The Hybrid Cloud is Born

And thus, a new era came into the picture in which companies would operate in hybrid contexts with some of their technology running on-premises (ie. in the servers in their datacenter) and some of it running in the Cloud. This would allow companies to drive value from all of that expensive hardware that they had already purchased while also using the highly-differentiated software built, supported, and maintained by the major cloud providers. This got especially interesting as Cloud providers got more mature and started launching services that catered to the hybrid model like AWS Outposts, which allows you to operate AWS software on top of your own hardware :shocked-face-exploding-head:. With tools like Outposts, companies no longer need to rent hardware from AWS to have access to their superior software. This concept breathes new life into the datacenter that has persisted through the years: companies no longer need to operationalize both their own hardware and a cloud environment, but rather can drive incremental value from core infrastructure so that is now more valuable than the sum of its parts.

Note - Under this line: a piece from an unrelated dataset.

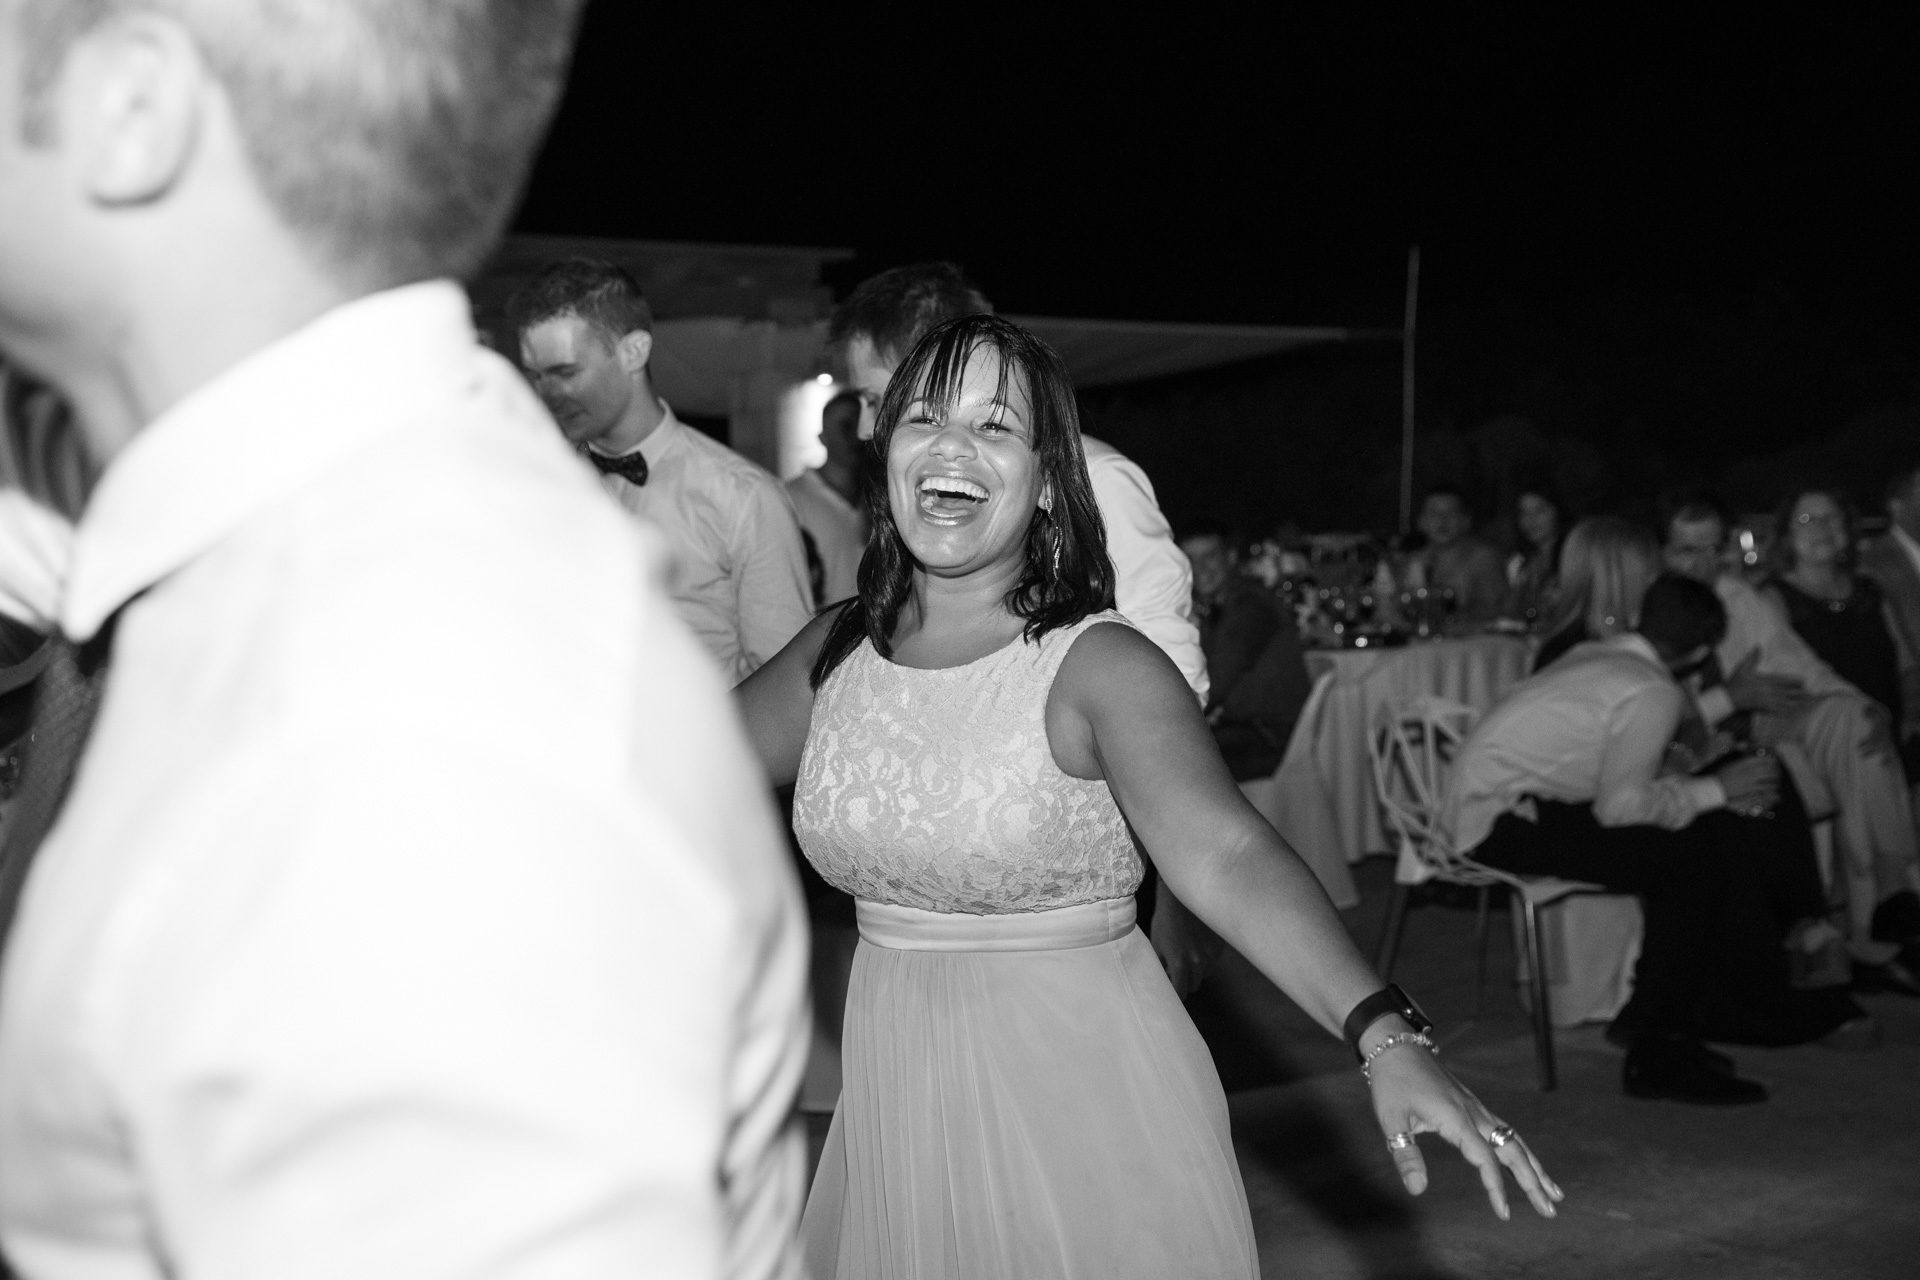 Fotografoi Sparti Fotografoi Spartis φωτογραφοι σπαρτη φωτογραφοι σπαρτης,αλεξανδρακης δημητρης Alexandrakis Alexandrakis Photography (54)

AWS has been able to effectively use the leverage created by their superior software to operationalize and bridge the gap between legacy and modern hardware. \

The Bottoms-Up Playbook

There are plenty more examples of these strategies, but these three stood out to me as interesting case studies in how companies use differentiated software to drive hardware adoption. With that, there is an interesting overarching narrative here that applies universally to consumer and enterprise growth models implemented by Sonos, Peloton, and AWS. If you can manage to implement a model that:

  1. Builds a compelling and differentiated user experience with software.
  2. Make it easy to use your software in tandem with legacy hardware to drive adoption.
  3. Build a value layer at the intersection of your software and your hardware.

Then you have yourself a low entry-point, more product reach, and an extraordinarily strong bottoms-up adoption story.

And you can meet your customers where they are, so you can take them where you want them to go.